Facts About Youth Sports and Health
Sports programs get kids physically active — a significant step in addressing the steep rise in childhood overweight and obesity and ensuring a lifelong love of physical activity. Physical activity improves overall health, increases longevity, and protects against obesity, coronary artery disease, hypertension, type 2 diabetes, colon cancer, depression, and anxiety.Exercise and sports participation can also enhance mental health and self confidence.Yet fewer than half of young people, and only a quarter of low-income youth, participate in organized sports outside of school.
Childhood Obesity and Related Problems
• Today’s children are likely to be the first generation to live shorter, less healthy lives than their parents due to obesity and other related diseases.
• More than 15% of the nation’s children between the ages of 6 and 11 are overweight, up from just 4% in the 1970s.
• One-third of American children and youth are either obese or at risk of becoming obese.
• The cumulative lifetime risk of coronary heart disease is likely greatest among those who are persistently overweight throughout their adolescent years.
• Approximately 300,000 deaths a year in the US are currently associated with overweight and obesity.
• Obesity-related health expenditures have accounted for an estimated 25% or more of national health care spending growth between 1987 and 2001.
Inactivity
• Physical inactivity can lead to poorer health outcomes for children and adolescents.
• The California Department of Education conducts annual fitness tests in California public schools in grades five, seven, and nine. In 2007, only 30% of students were in the healthy fitness zone on all six areas tested.
• Only about one-third of children aged 9 to 13 participate in any organized physical activity during their non-school hours.

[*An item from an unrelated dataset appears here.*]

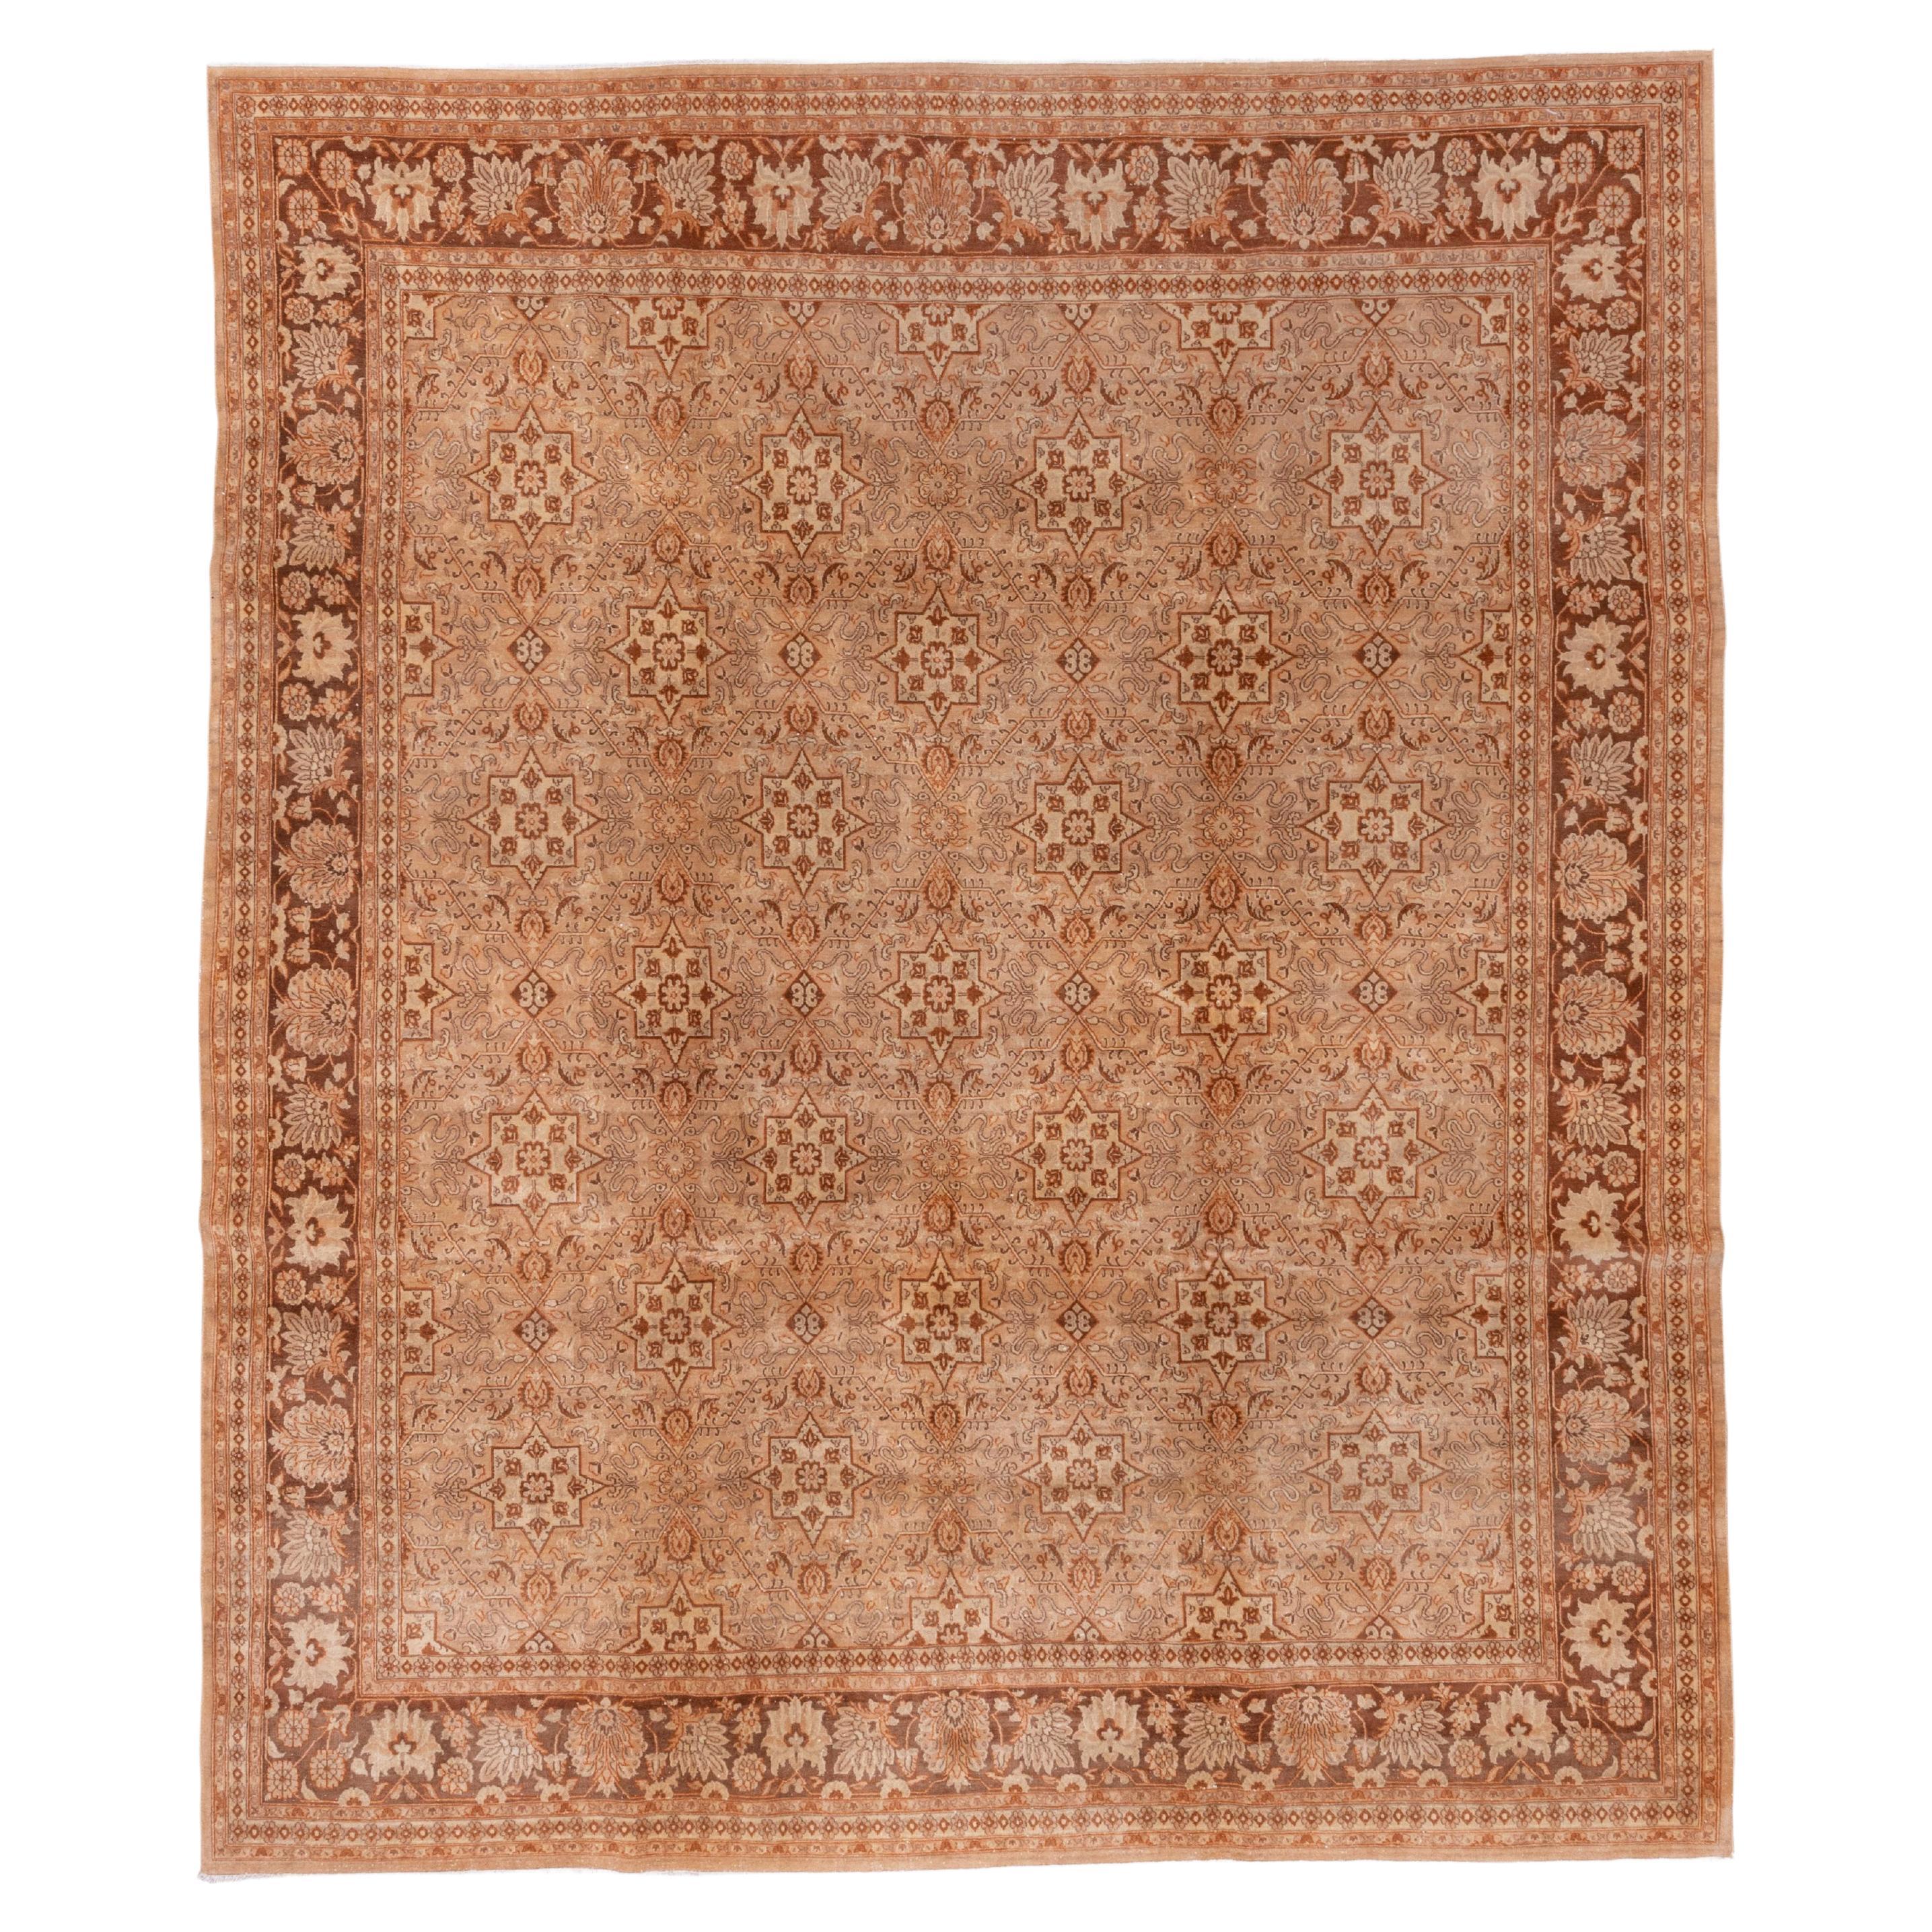 Tapis traditionnel oriental Agra rouille

Positive Effects of Youth Sports on Health
• Physical activity helps control and prevent a range of health problems, including diabetes, heart disease, and stroke. Even small amounts of physical activity can improve health, no matter how much a person weighs or whether a person loses weight.

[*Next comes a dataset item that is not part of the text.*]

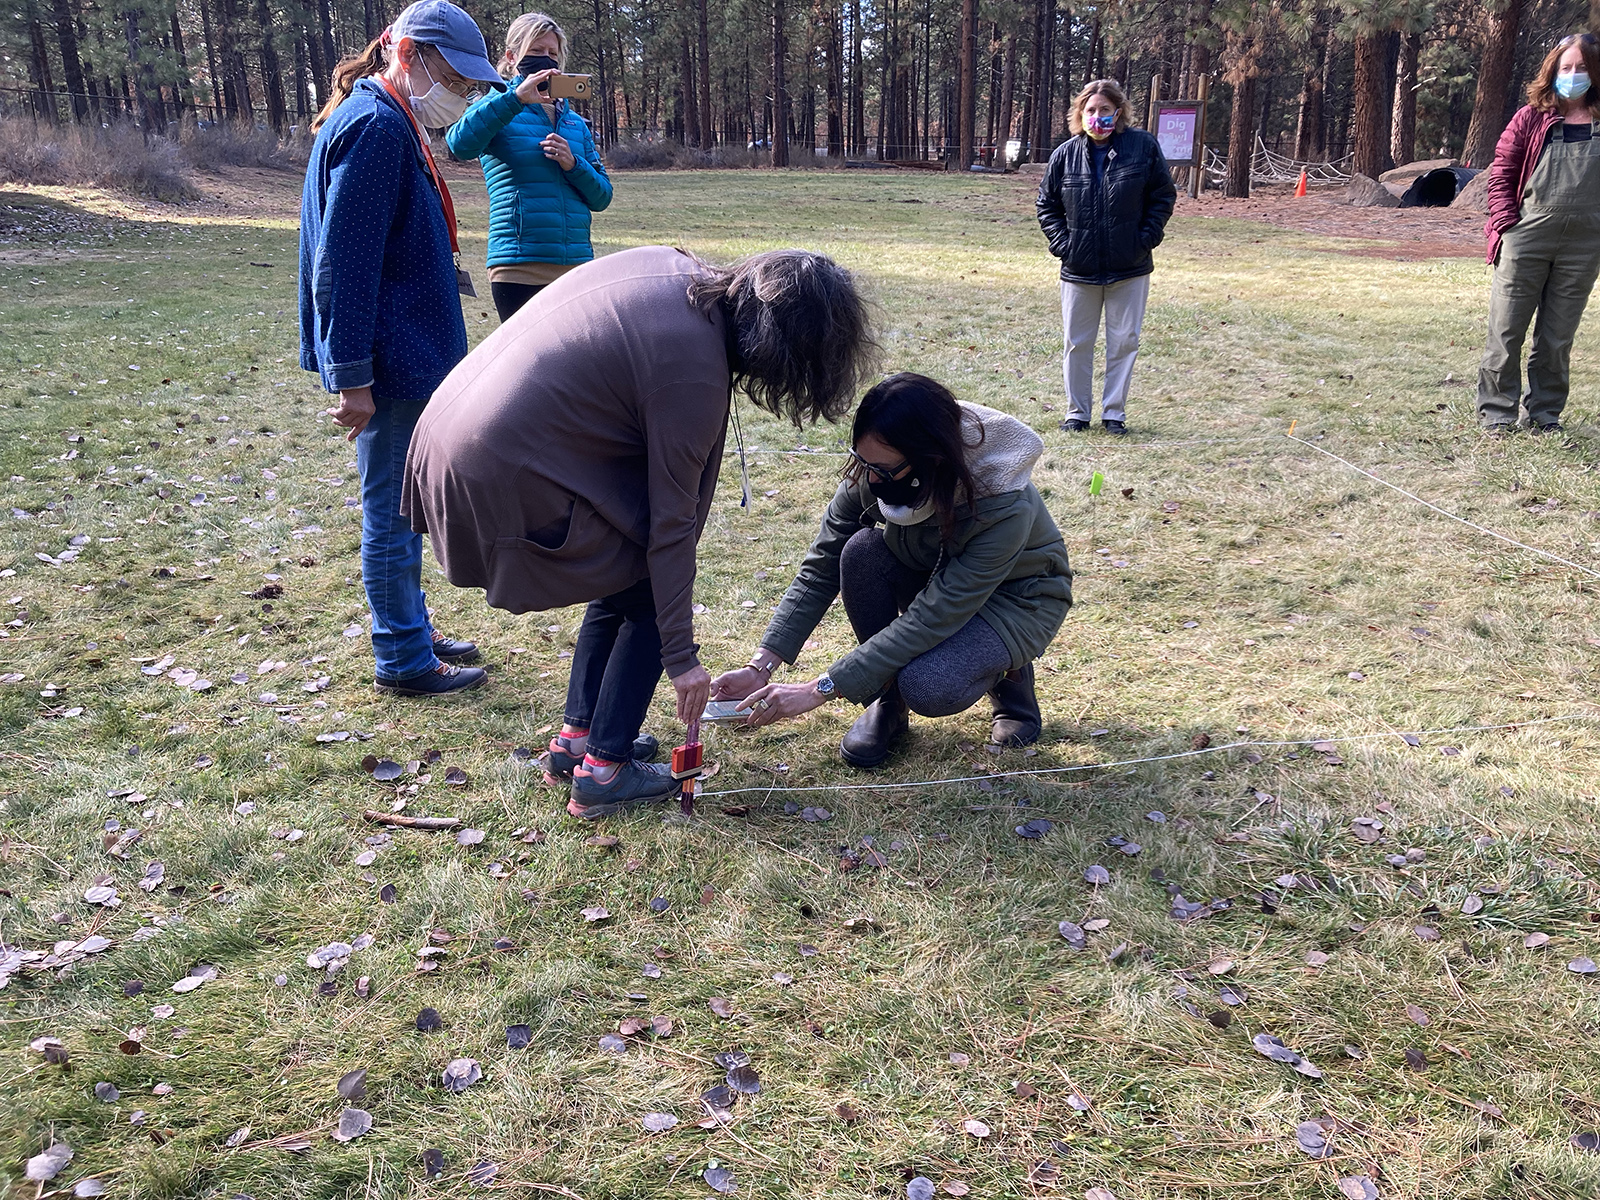 Teachers attach a SensorTag to capture data above the pervious surface.

• Adolescents who participate in greater levels of physical activity are less likely to smoke, or they smoke fewer cigarettes.
• Female athletes in grades 9 through 12 are less than half as likely to get pregnant as their non-athlete peers, and they tend to have higher self-esteem and more positive body image.
• High school athletes are less likely to use cocaine or psychedelic drugs than non-athletes.
• Adults are more likely to be physically active during their free time if they participated in organized sports as children.